I think allowing stuff to access the buffers/sfrs outside of the > ISR context is just wrong.
I actually tried doing a revamp based on that principle - it seemed like it would be a lot cleaner and eliminate all of the critical sections. I got fairly far along with that, and it's a good approach for the basic stuff, but it started to get increasingly hairy as I handled all of the details. I ultimately decided that it's incongruous with the design of the USBDevice.cpp portable layer, and abandoned it because I didn't want to reimplement that. The snag is that there are too many places where application context code needs to initiate something when there's no incoming interrupt to pick up work from a queue. But if I were doing a ground-up redesign of the whole thing including the USBDevice portable layer, I think I'd try to start from this principle and see if it could be made to work.
This way a public call to write would just fill a buffer, push it to the out > queue and then set the usb ISR flag manually which in turn would actually > send the buffer.
Can you get the USB interrupt triggered manually, though?
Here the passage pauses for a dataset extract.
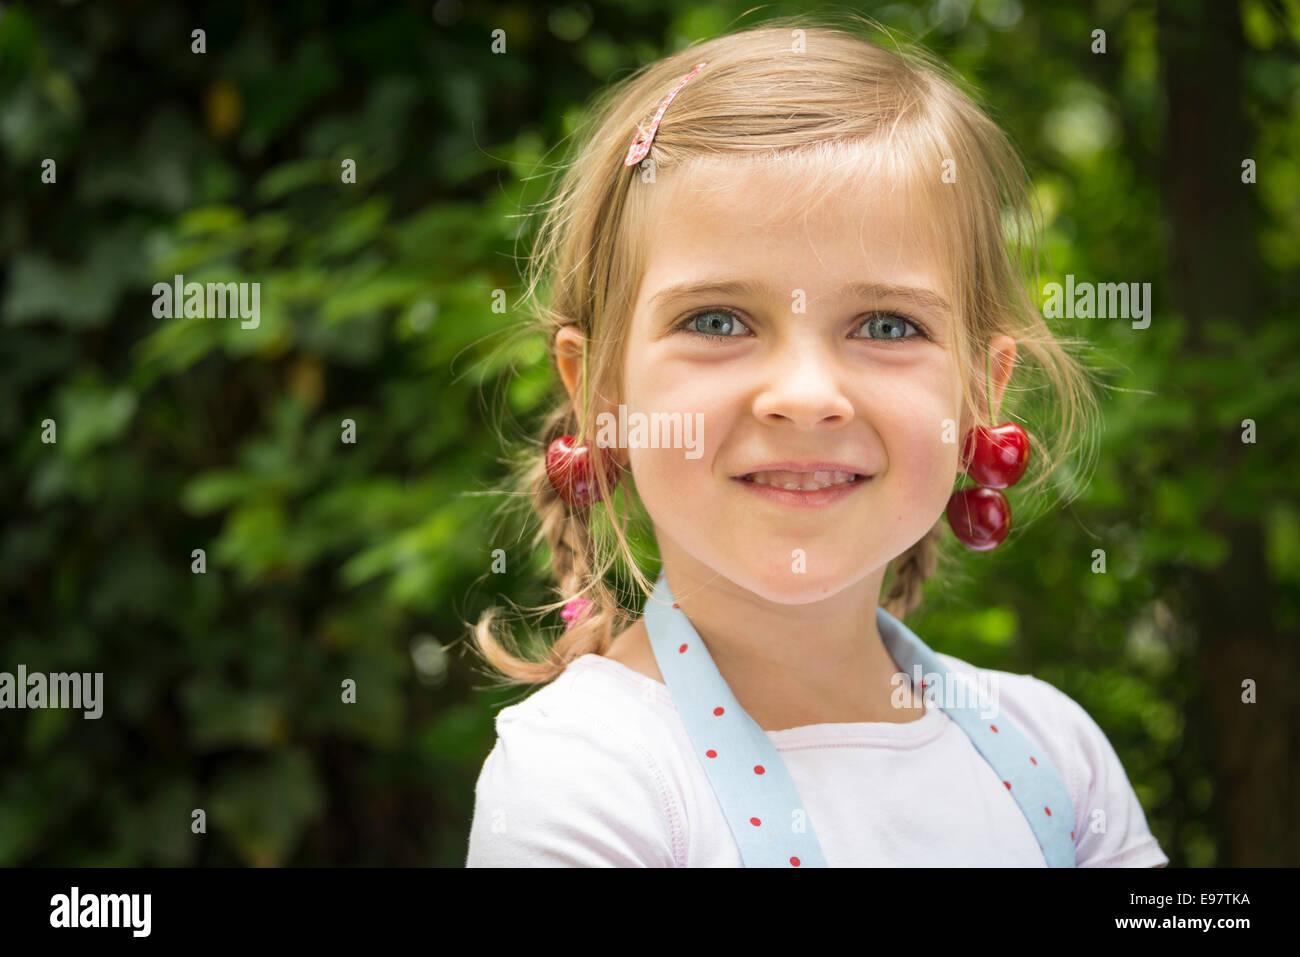 Portrait of little girl, cherries dangling from her ears - Stock Image

Writing to the ISTAT register only clears bits, so you can't trigger an interrupt that way. Did you have something else in mind? If it did work, it might solve at least part of the design issues I had with it (the part about getting a USB interrupt initiated at will from application context).
Regards,Mike
Date: Mon, 18 Jan 2016 13:26:01 -0800
From: [email protected]
To: [email protected]
CC: [email protected]
Subject: Re: [mbed] Remove doubling of buffer size in realiseEndpoint() (#1482)
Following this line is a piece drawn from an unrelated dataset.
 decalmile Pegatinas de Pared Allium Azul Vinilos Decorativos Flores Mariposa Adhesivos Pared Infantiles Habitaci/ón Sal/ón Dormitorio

[handling all interrupt flags any way]

Yes the chances of this screwing anything up are super slim but if you were to get really pedantic you could argue that one of these flags could be set after istat is locally buffered and before one of the |= and therefore lost.

[double buffering]

Just hacking around last week I got double buffering working by simply clearing ODDRST after setup and then implementing it for my bulk endpoint but its a super hack and will need to be rewritten before production code. The advantage I see with double buffering is that the max interrupt latentcy tolerated while still maintaining maximum throughput is twice as long because the hardware has two buffers it can send before it runs out.

[better synchronization]

I think allowing stuff to access the buffers/sfrs outside of the ISR context is just wrong. Rather than giving every IN endpoint a buffer I would allocate a few community buffers which also hold info like byte count and endpoint and make two thread safe queues one acting as a free list and one acting as an output queue. This way a public call to write would just fill a buffer, push it to the out queue and then set the usb ISR flag manually which in turn would actually send the buffer. This way you don't need any further synchronization in the internals of the HAL. The problem with disabling the usb ISR alone as a synchronization mechanism is that interrupts could potentially be off for a while. Lets say we have the USB interrupt at a high priority and have a few uarts and I2C and stuff with long timeouts running at a lower priority. Well these low priority interrupts can't delay usb transmission directly but if a lot of them occur while we are in a critical section in a fuction calle
d from main() then bam priority inversion.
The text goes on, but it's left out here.